Много позже, когда Мартын Иванович руководил еженедельником «Футбол» (еще не «Футбол-Хоккей»), мне довелось подготовить к печати для журнала «Спортивные игры», в котором я недолго сотрудничал, статью Андрея Петровича Старостина. То была пора после шведского чемпионата мира, который блистательно выиграли бразильцы, впервые применив систему «4+2+4». Мержанов тотчас сделался пылким ее адептом, углядев в ней прогрессивное начало, но отстаивать ее принялся так же, как все в жизни, — буквально сметая «инакомыслящих». Андрей же Петрович заметил в своей статье, что вряд ли стоит весь отечественный футбол единообразно рядить а бразильский мундир.

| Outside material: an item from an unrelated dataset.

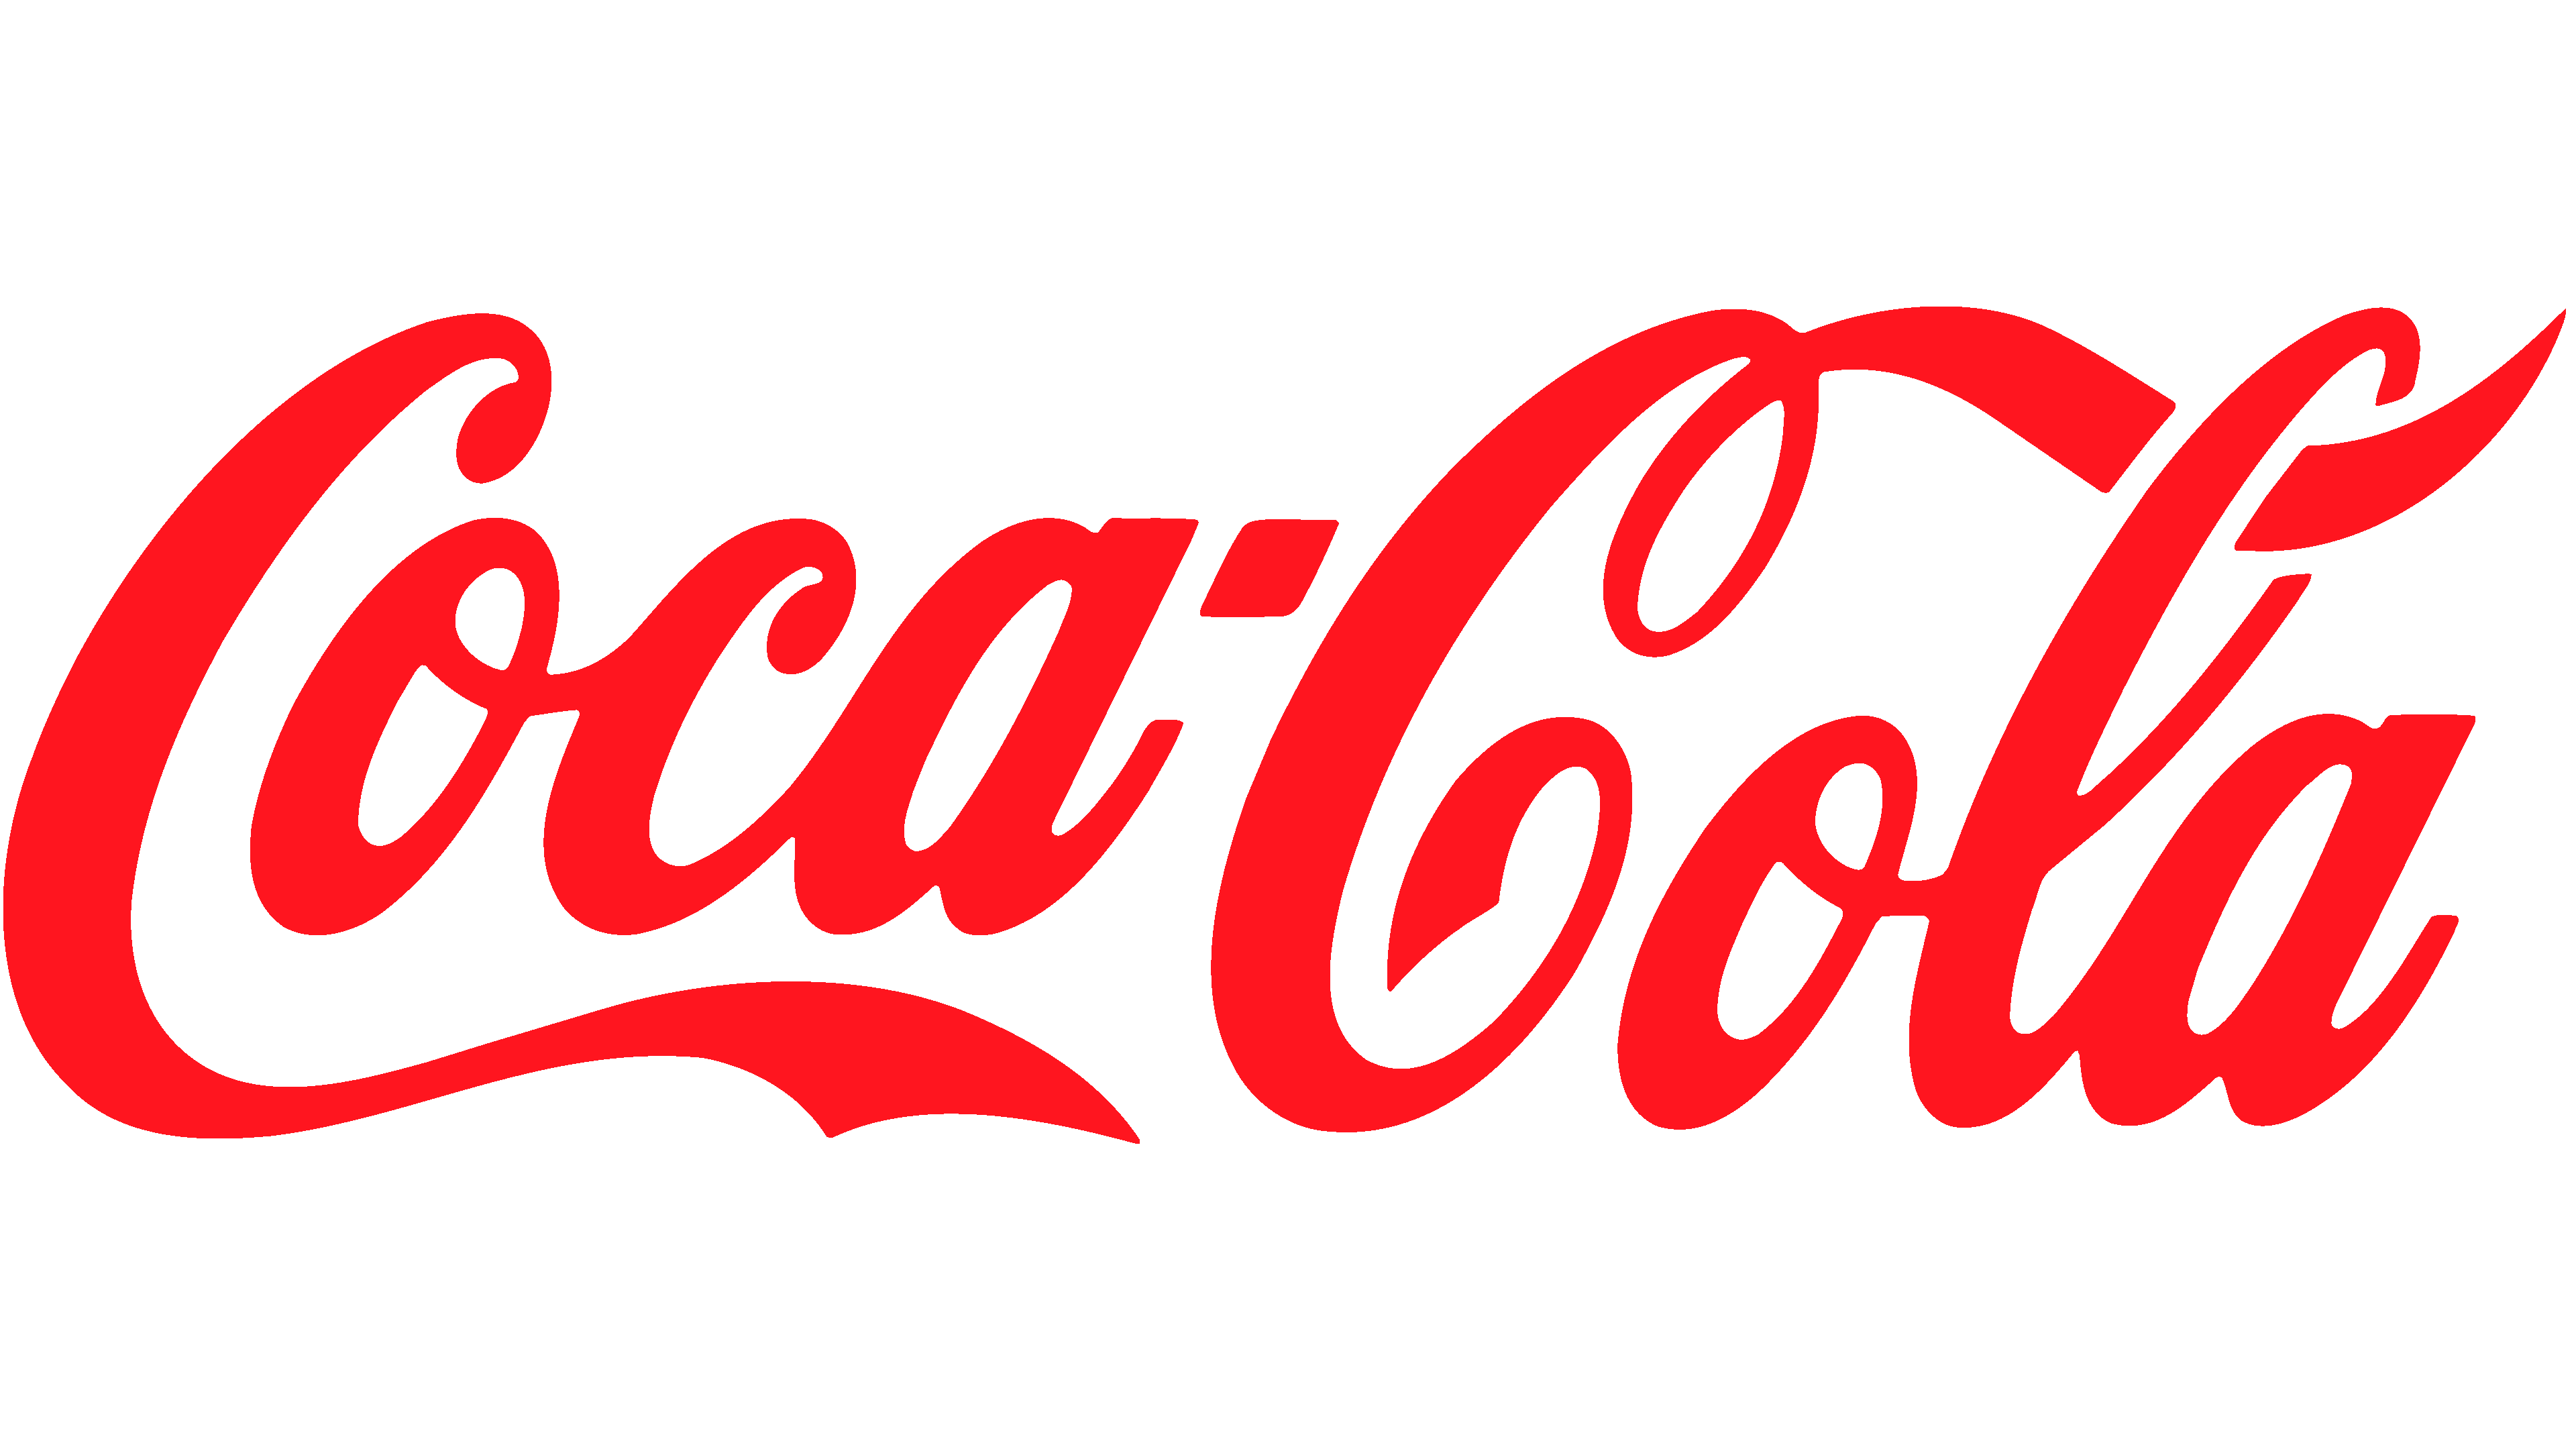 Answering service client - Coca-Cola logo

Как же разгневался Мержанов! Узнав, что к статье приложил руку я, он кричал на меня, тряся головой большого доброго слона: «Как вы допустили? Как смеет Старостин выступать против генеральной линии?»

Он еще только раз на меня кричал. Когда я напечатал очерк о престарелом уже, чрезвычайно известном в послевоенные годы грузинском футболисте Борисе Пайчадзе.

— Красочки, пейзажики, диаложки, словесная игра! Не то! Другое было надо! Надо было показать, чем своеобразен Пайчадзе как гений футбола! Мало вы написали, как он играл! Безобразие — так говорить о футболисте! Кто вам позволил не упомянуть о главном?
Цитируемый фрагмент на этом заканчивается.